MEC alleges rampant graft in key ministries
Rampant anomalies have been detected in land distribution to refugees, entry test and issuance of educational and retirement documents.
Independent Joint Anti-Corruption Monitoring and Evaluation Committee (MEC) officials announced their findings at a press conference in Kabul on Monday.
Mohammad Yasin Osmani, a member of the committee, said the probe was based on interviews with public servants, analysts and those who had knowledge of corruption cases in the ministries.
He identified lack of proper procedures, qualified staff, fair treatment and satisfactory salaries for public servants, frequent absenteeism and the absence of a monitoring mechanism as key reasons for corruption in the Ministry of Refugee and Repatriation.
Those involved in graft had been identified, but legal restrictions barred disclosure of their identities, the MEC member said.

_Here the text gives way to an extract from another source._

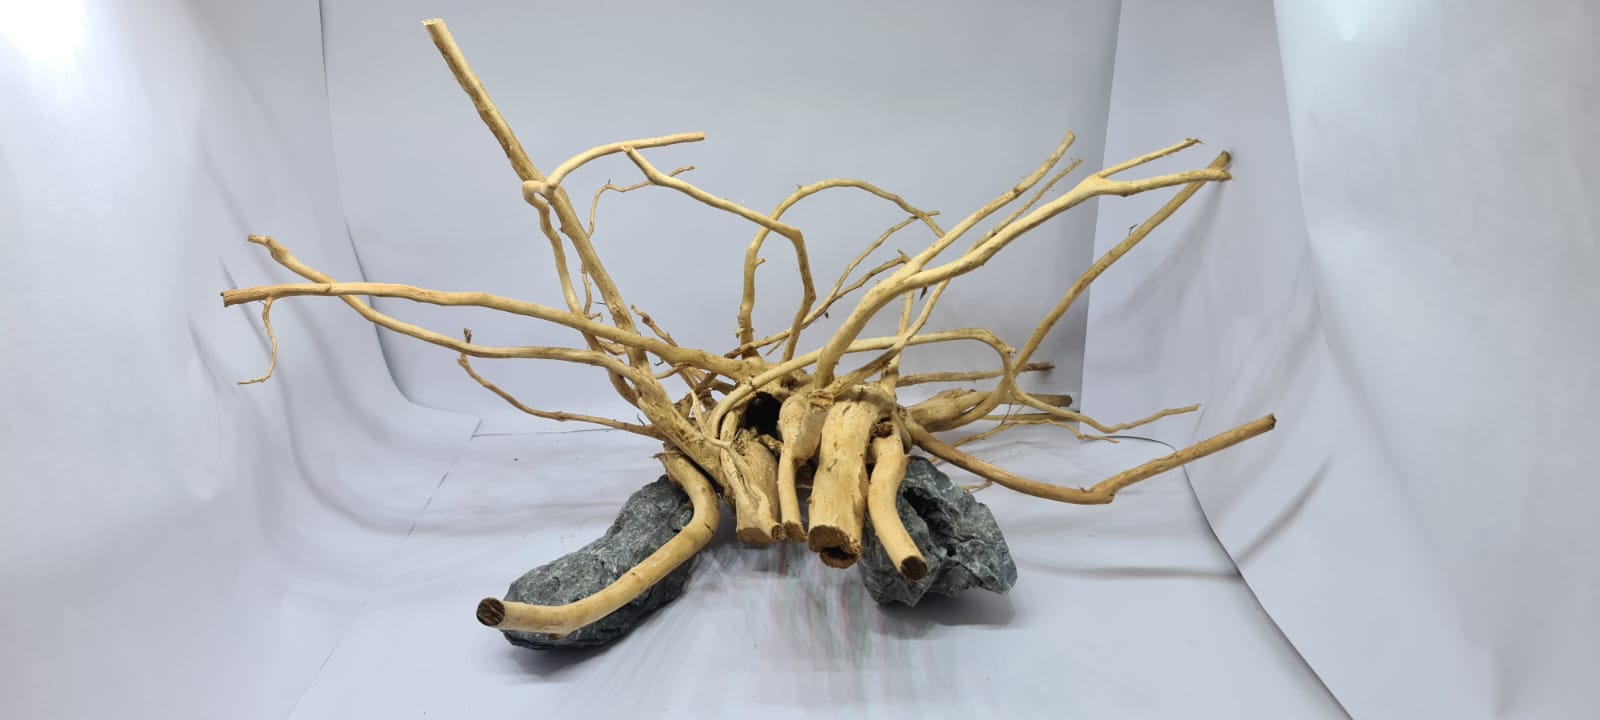 Golden Knotted Driftwood

A proper procedure for staff accountability, appointing professional workers and computerising the bureaucratic system could help reduce corruption in government institutions, the committee suggested.
Yama Turabi, another member of the committee, said lack of standard curriculum for students, meddling from public representatives and high-level officials in the process of entry exams and weak control of university administration fuelled corruption in the higher education ministry.
MEC Chairman Drago Kos said those seeking retirement had to take signatures from 60 employees of the Ministry of Labour and Social Affairs. The applicants are compelled to pay 100 to 500 afghanis in bribe for each signature.
He alleged individuals in key positions did not want to change the rotten bureaucratic order into a modern, responsive and service-oriented system.